What you need to do: Below are entries. Give back exactly the lines from the one containing "Febrero de 18831J" through the one containing "Andora Liguria apartment", inclusive, without the pictures.

Data records:
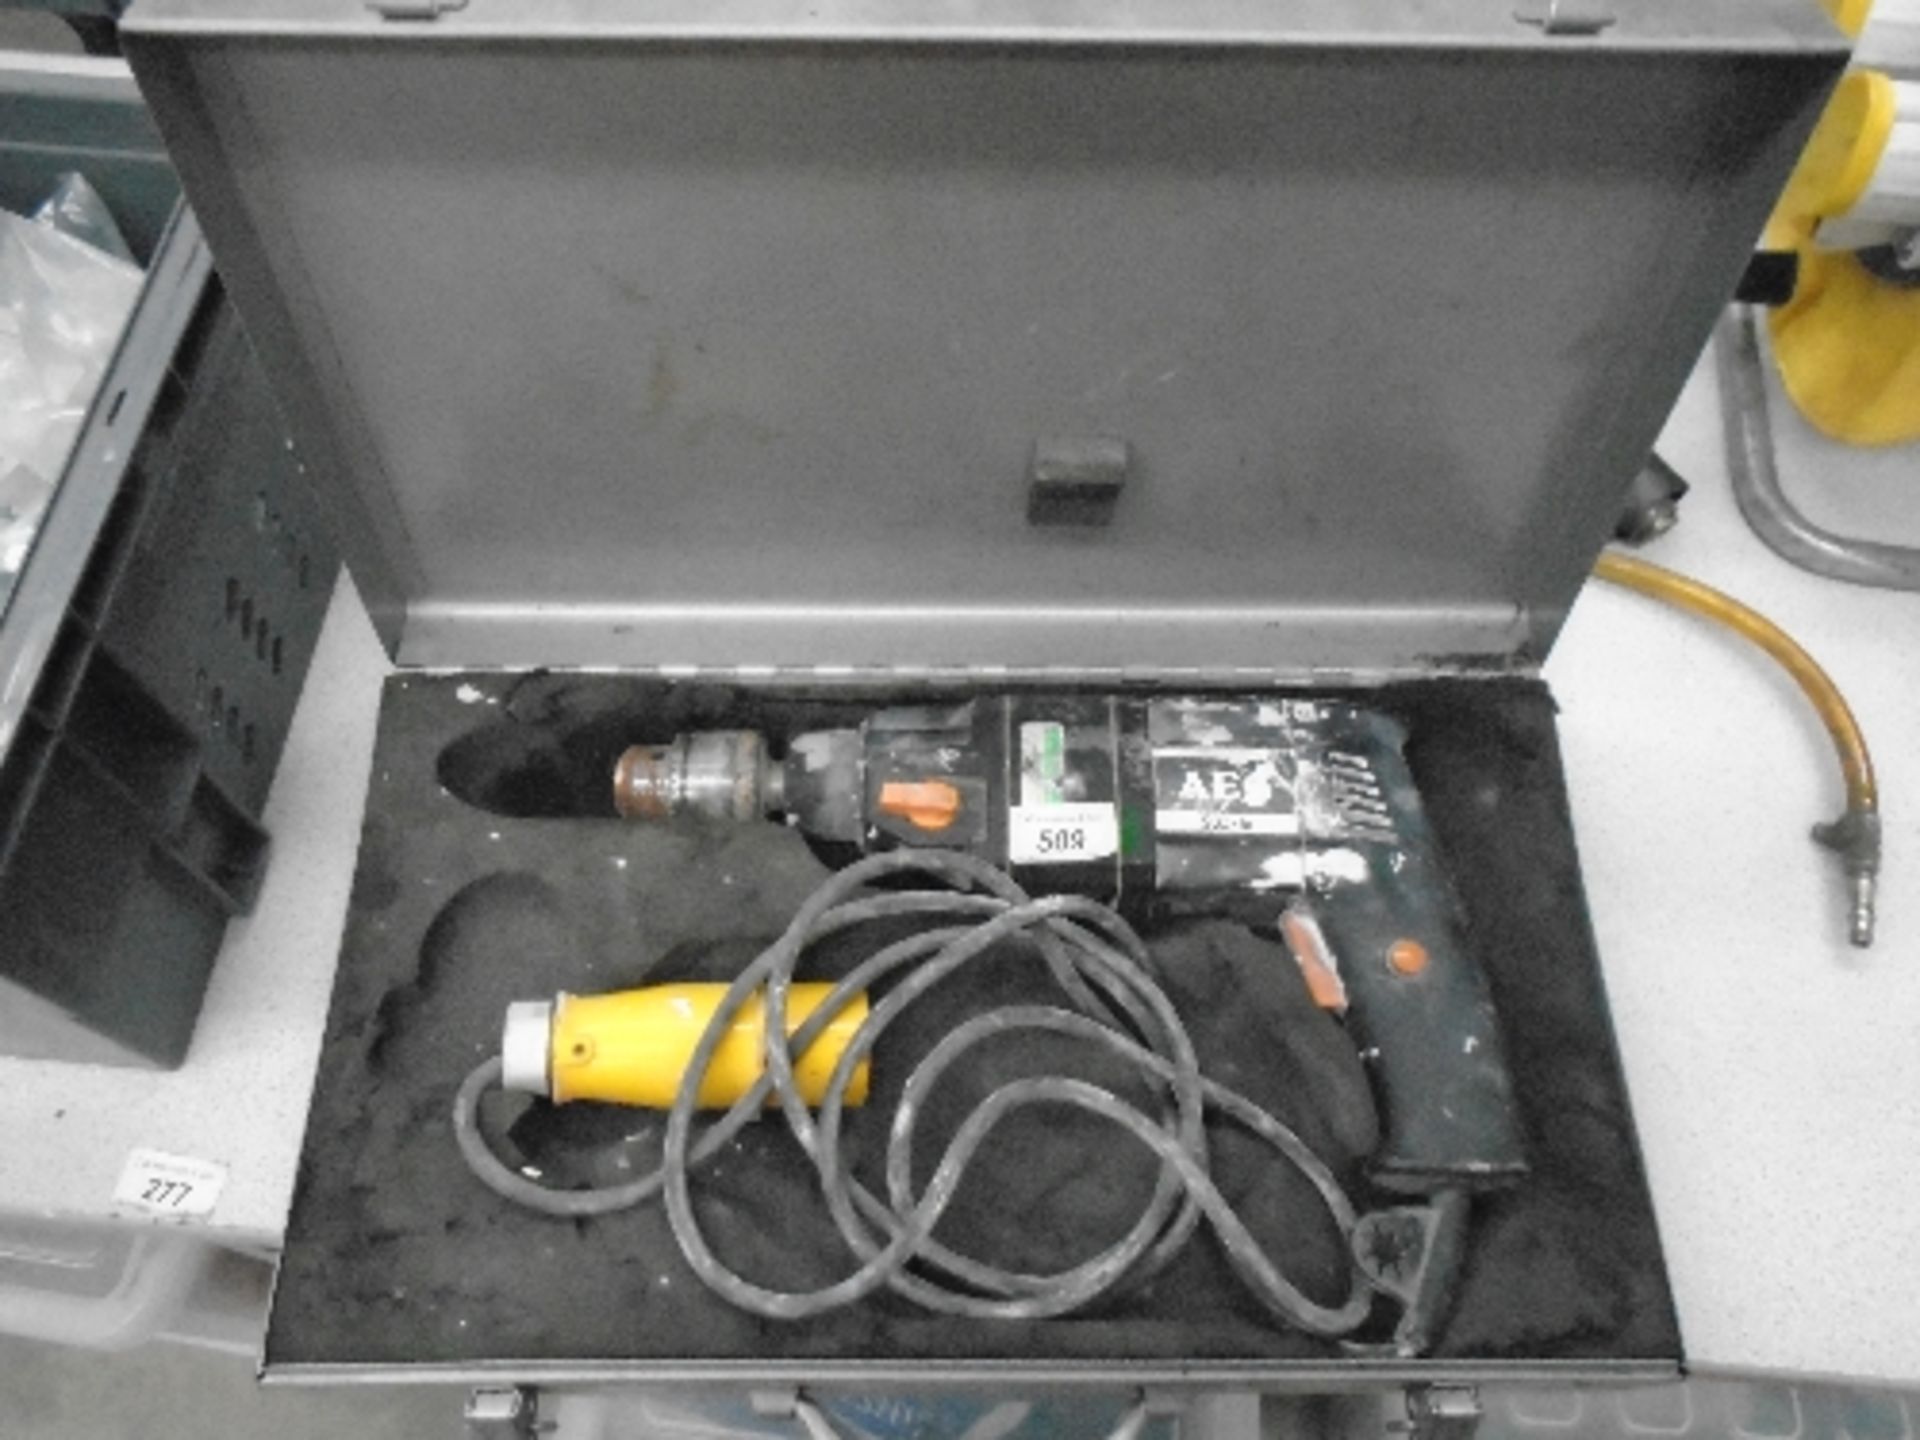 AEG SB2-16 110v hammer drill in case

* * *

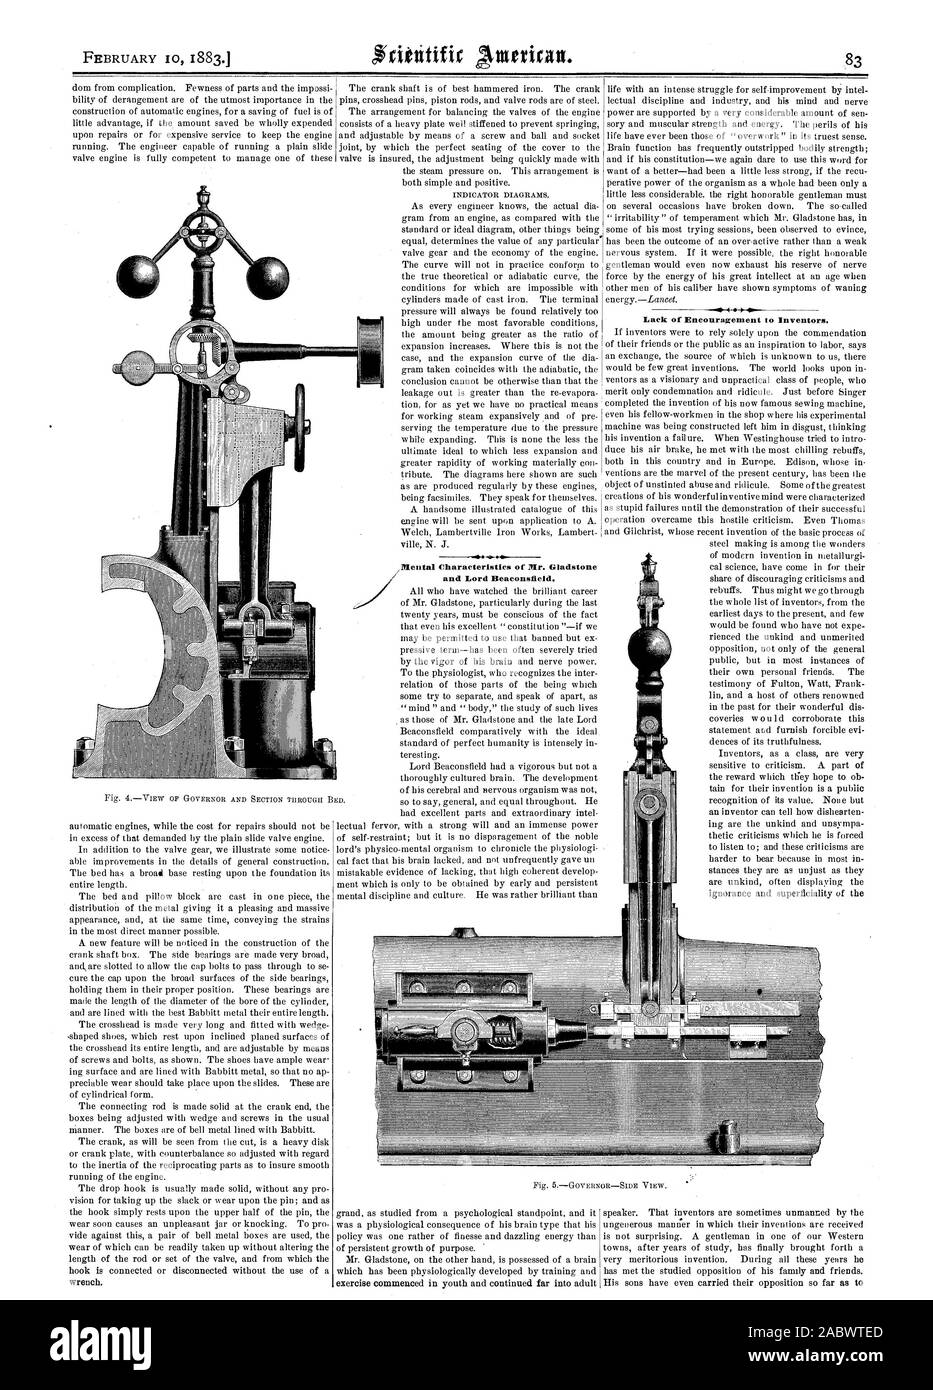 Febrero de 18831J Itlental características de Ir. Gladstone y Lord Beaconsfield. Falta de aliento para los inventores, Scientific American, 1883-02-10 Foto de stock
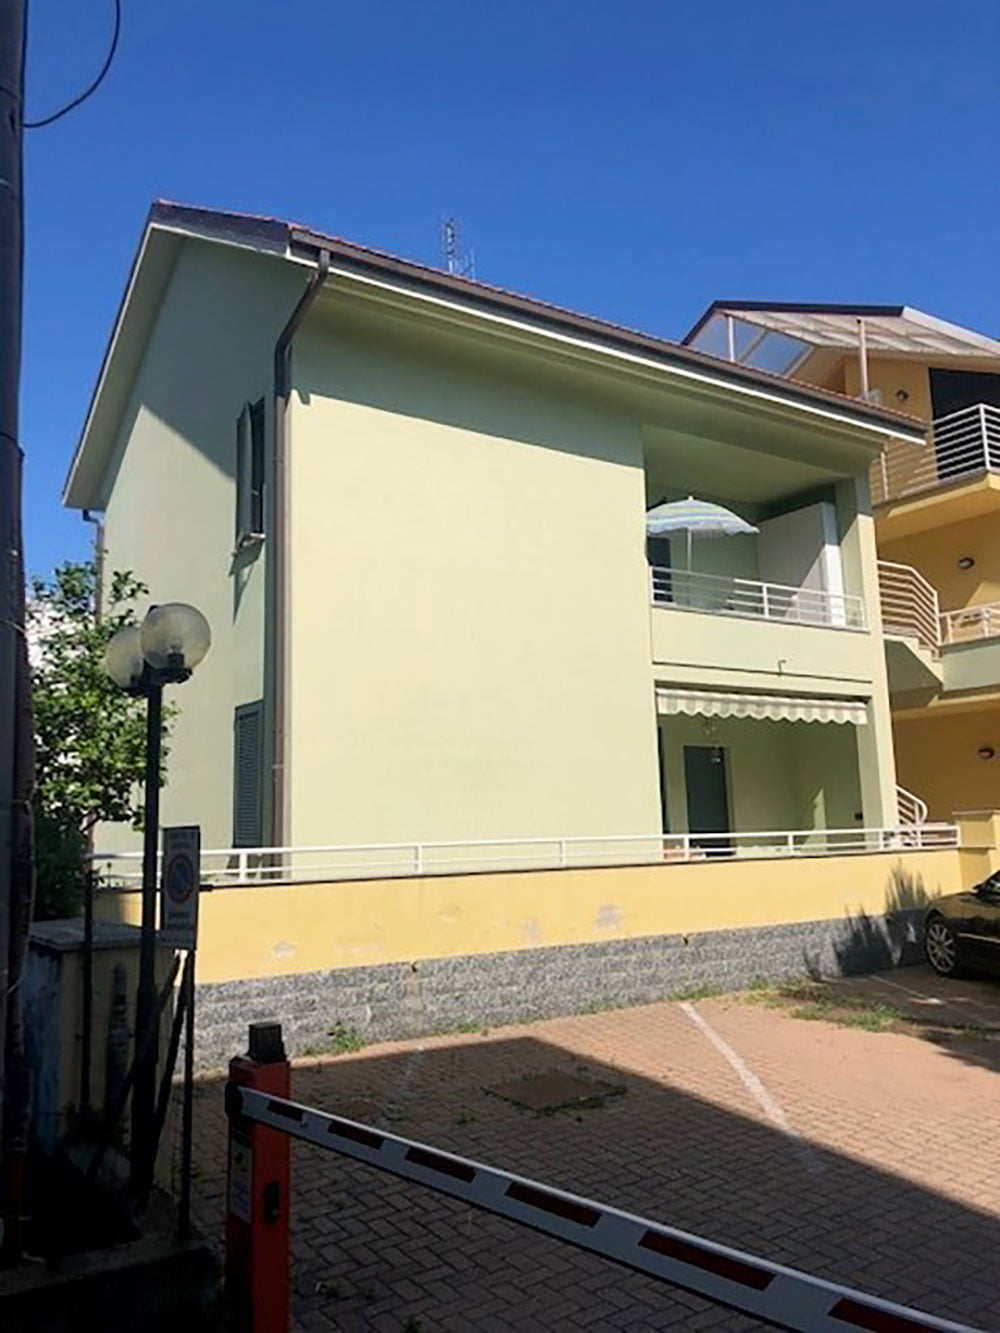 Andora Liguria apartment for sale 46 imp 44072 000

Task output:
 Febrero de 18831J Itlental características de Ir. Gladstone y Lord Beaconsfield. Falta de aliento para los inventores, Scientific American, 1883-02-10 Foto de stock
 Andora Liguria apartment for sale 46 imp 44072 000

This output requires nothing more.